1. Ensayo sobre una angustia creciente
Por Jorge Fernández Díaz
Director de ADNcultura
Sábado 18 de julio de 2009 | Publicado en edición impresa
Sabemos que los libros salvan. Que con ellos se puede amueblar el mundo, adquirir lucidez, desarrollar la
imaginación, estimular nuestro conocimiento y nuestra creatividad, y armar el disco rígido de la inteligencia.
También sabemos que son fuente infinita de placer. No estamos seguros, sin embargo, de que esta defensa un
poco obvia de la palabra escrita no sea ya un anacronismo y que la civilización humana no esté avanzando de
una manera irreversible hacia la cultura audiovisual.
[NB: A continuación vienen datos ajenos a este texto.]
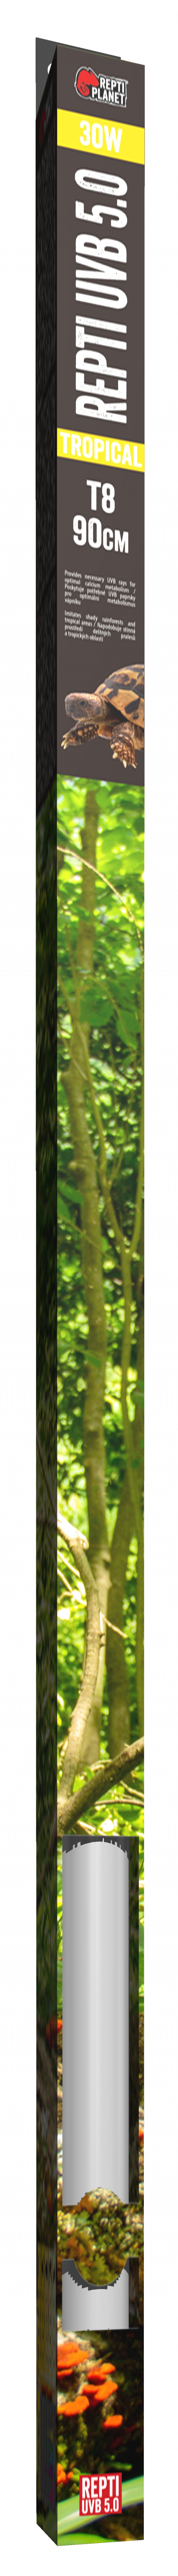 Лампа для террариумов - ReptiPlanet Repti T8 UVB 5.0 30W, 90 см title=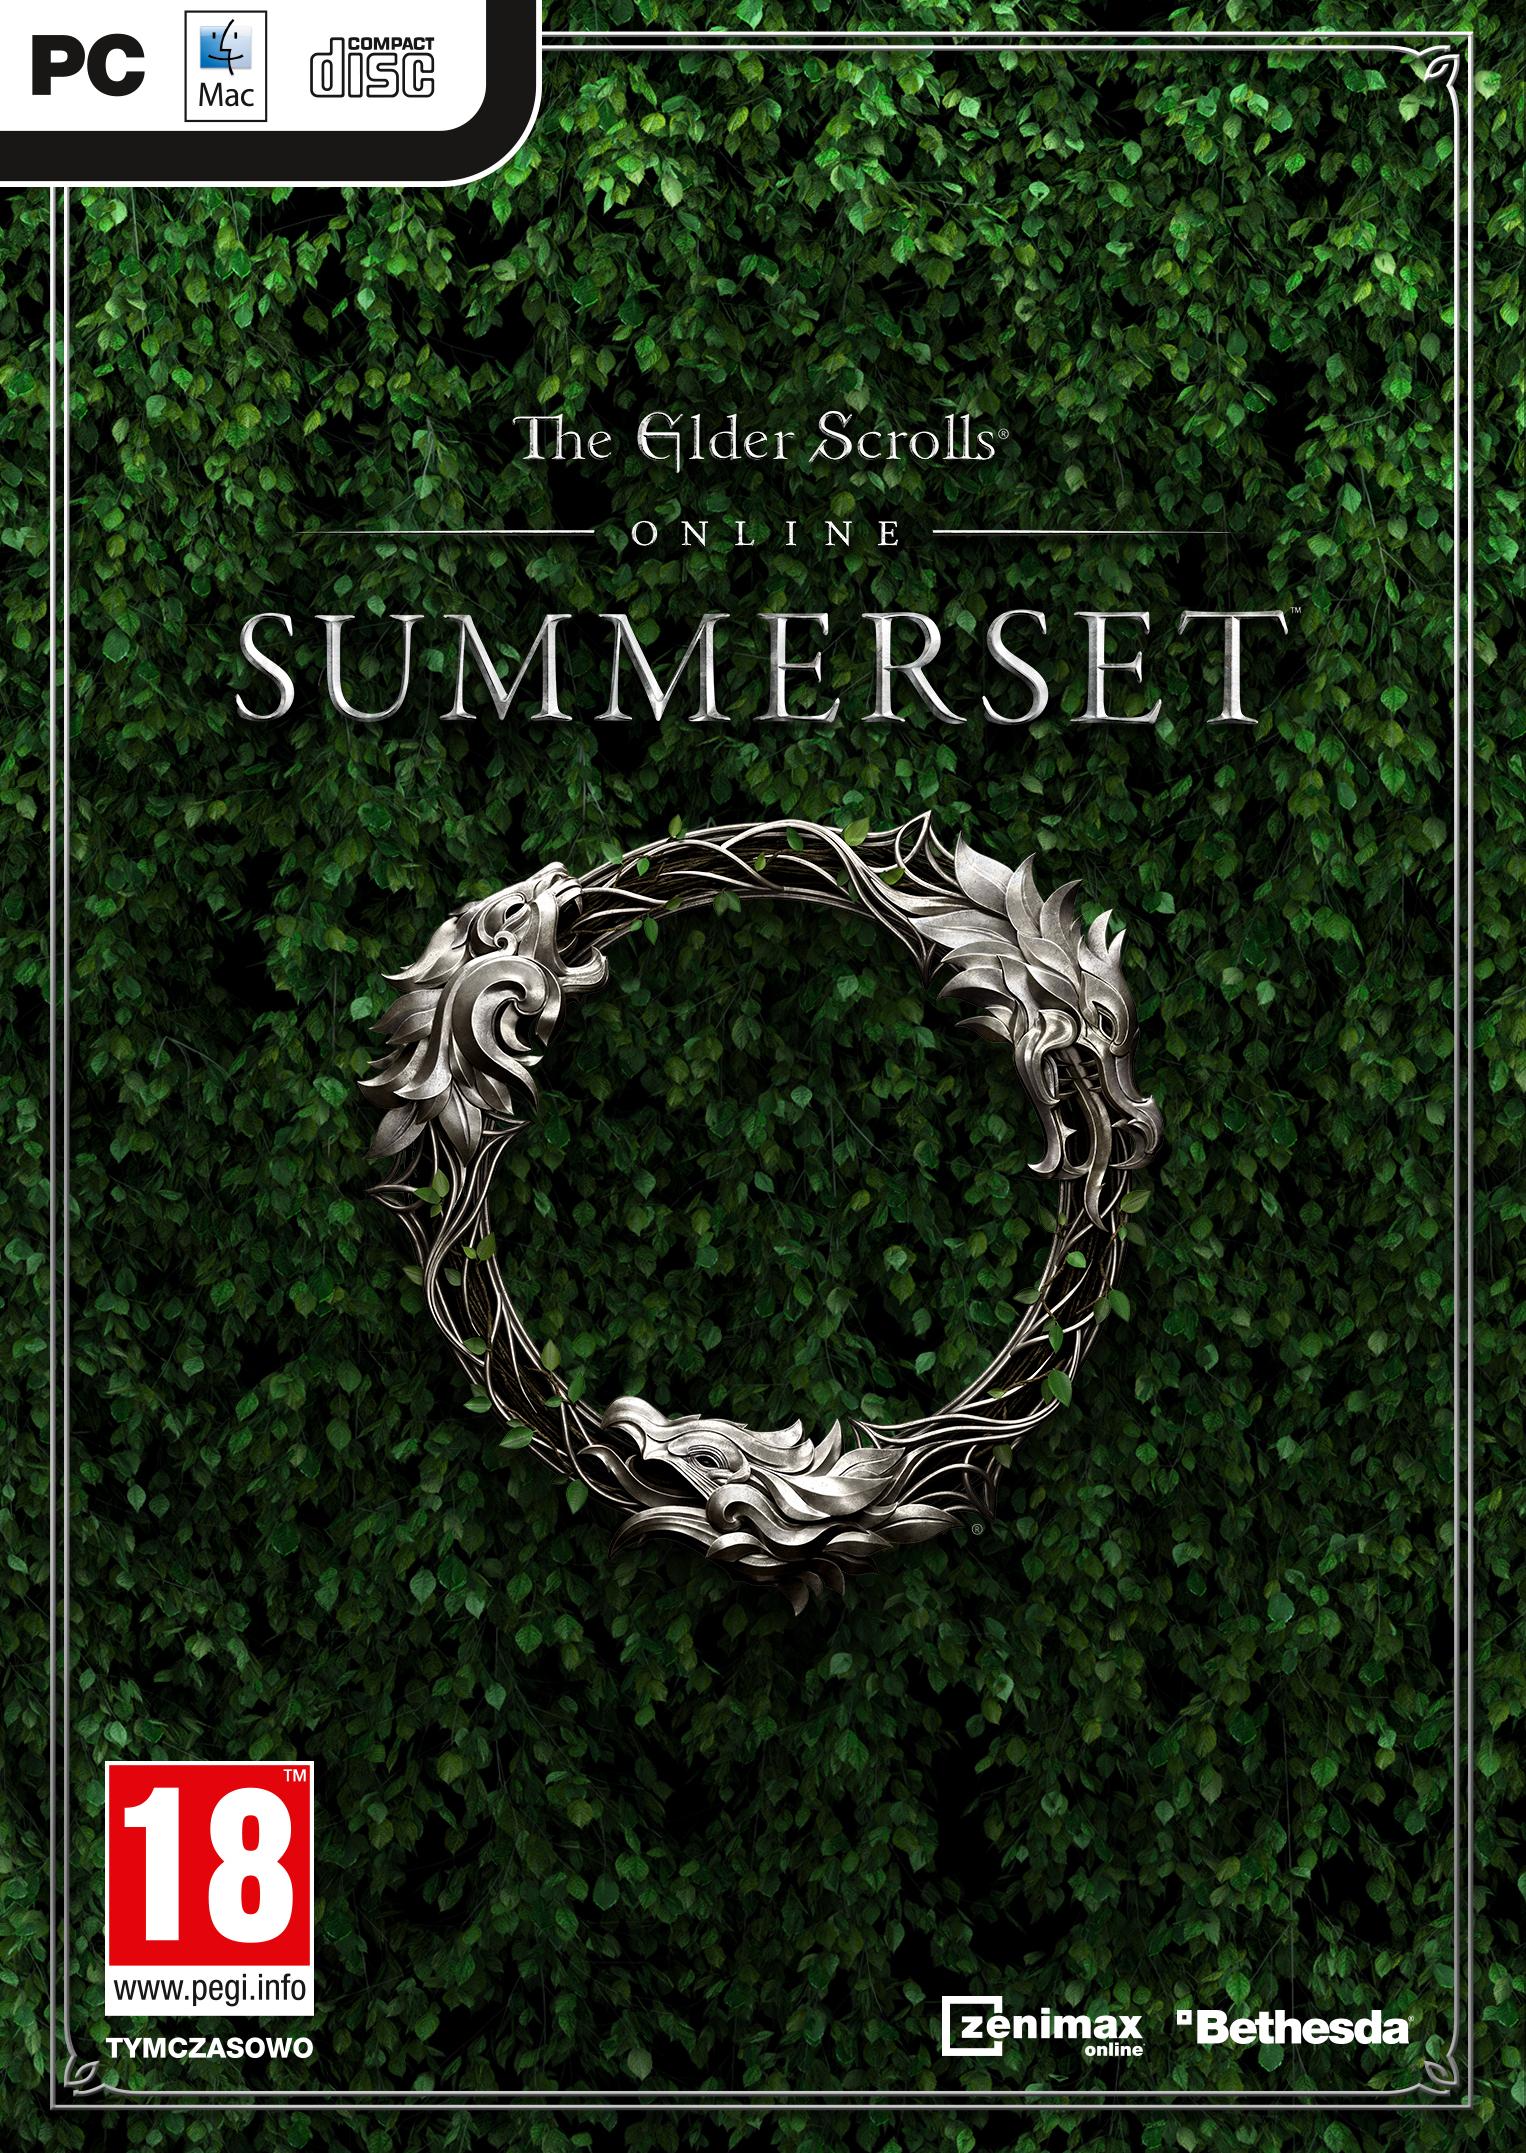 The Elder Scrolls Online - Summerset (PC/MAC) DIGITAL

Las nuevas generaciones ya no necesitan vivir la emoción de una batalla narrada por Conrad, Salgari o
Fenimore Cooper. Les basta con entrar en la virtualidad que les propone un videojuego para sentir lo que
nosotros sentíamos. ¿O sienten otra cosa? Tampoco parece hacerles falta viajar por mundos exóticos de la
mano de Verne, Kipling, Welles o Kapuscinski. Pueden encontrar al azar, y ver simultáneamente History
Channel y Discovery Channel, Animal Planet y National Geographic en el cable y viajar con los sentidos por
esos mundos pasados, actuales y futuros. Nosotros buceábamos en la colección Robin Hood, estos chicos
bucean en YouTube y en Google.
La cultura de la imagen es facilista. La lectura, en comparación, exige un esfuerzo. Y esta brecha generacional
que se ha abierto entre nosotros y ellos es abismal, inédita, y nos enfrenta con varias paradojas. Queremos
imponerles a nuestros hijos un placer que además los preparará para progresar y encarar la vida. Pero para
nuestros hijos ese "placer" no resulta tan placentero: es una propuesta lenta en un mundo rápido. Una carreta
contra un avión supersónico. Y eso vulnera entonces el mismísimo propósito que tiene para nosotros la lectura:
el disfrute. Nuestros hijos ya no disfrutan tanto, aunque leen obedeciendo muchas veces el mandato parental o
social. "Si no leen, serán perdedores", parece susurrarles la escuela y la familia. Y entonces leen por obligación,
que es el camino más seguro para terminar aborreciendo visceralmente la lectura.
En el medio, hay niños y adolescentes que hacen convivir perfectamente la televisión, el cine, la web y la
PlayStation con las novelas y los cuentos. Cada vez que veo un adolescente leyendo un libro en el tren, siento
una extraña dicha. Si ese libro es una novela y averiguo que no se la impuso la escuela ni los dictados del
marketing, me entran ganas irrefrenables de abrazarlo y hasta pedirle un autógrafo. Confieso quizá, con este
deseo, mi anacronismo. A mí un libro me llevó a otro, y esa cadena feliz no me ha abandonado nunca. No
conozco el aburrimiento, que es un mal de época para las nuevas generaciones. Aunque muchas veces me
pregunto si dentro de treinta años no seremos mirados como dinosaurios, defensores de una lengua muerta. Tal
vez para entonces la cultura libresca sea ya un recuerdo y el prestigio de la cultura visual haya ascendido al
centro del escenario cultural.
Tendemos a creer que el libro como artefacto tendrá igualmente larga duración, y sabemos que hoy se lee en
otros soportes y de otras maneras a las que los lectores clásicos estamos acostumbrados. Es más: tal vez en
términos absolutos se esté leyendo, contradictoriamente, como nunca antes en la historia de la humanidad. Es
una época confusa, amigos. De transición. Donde no hay tiempo para casi nada, donde la industria del libro
infantojuvenil es próspera, y donde las antiguas certezas resbalan de los estantes.
Lo que describo, con marchas y contramarchas, es una angustia creciente. Y esa angustia es el fondo de la
cuestión que hoy nos ocupa: la lectura de los chicos y de los jóvenes.
Graciela Melgarejo, una extraordinaria periodista que lee sin prejuicios, lejos de esnobismos y cerca del sentido
común, indaga esta vez la conducta de esos lectores debutantes. Y Ema Wolf, reconocida escritora de género,
la acompaña con una columna sobre el tema. Graciela, además, entrega una lista de cinco libros recomendados
para iniciar a chicos que están en el momento crucial entre ser lectores o no serlo jamás.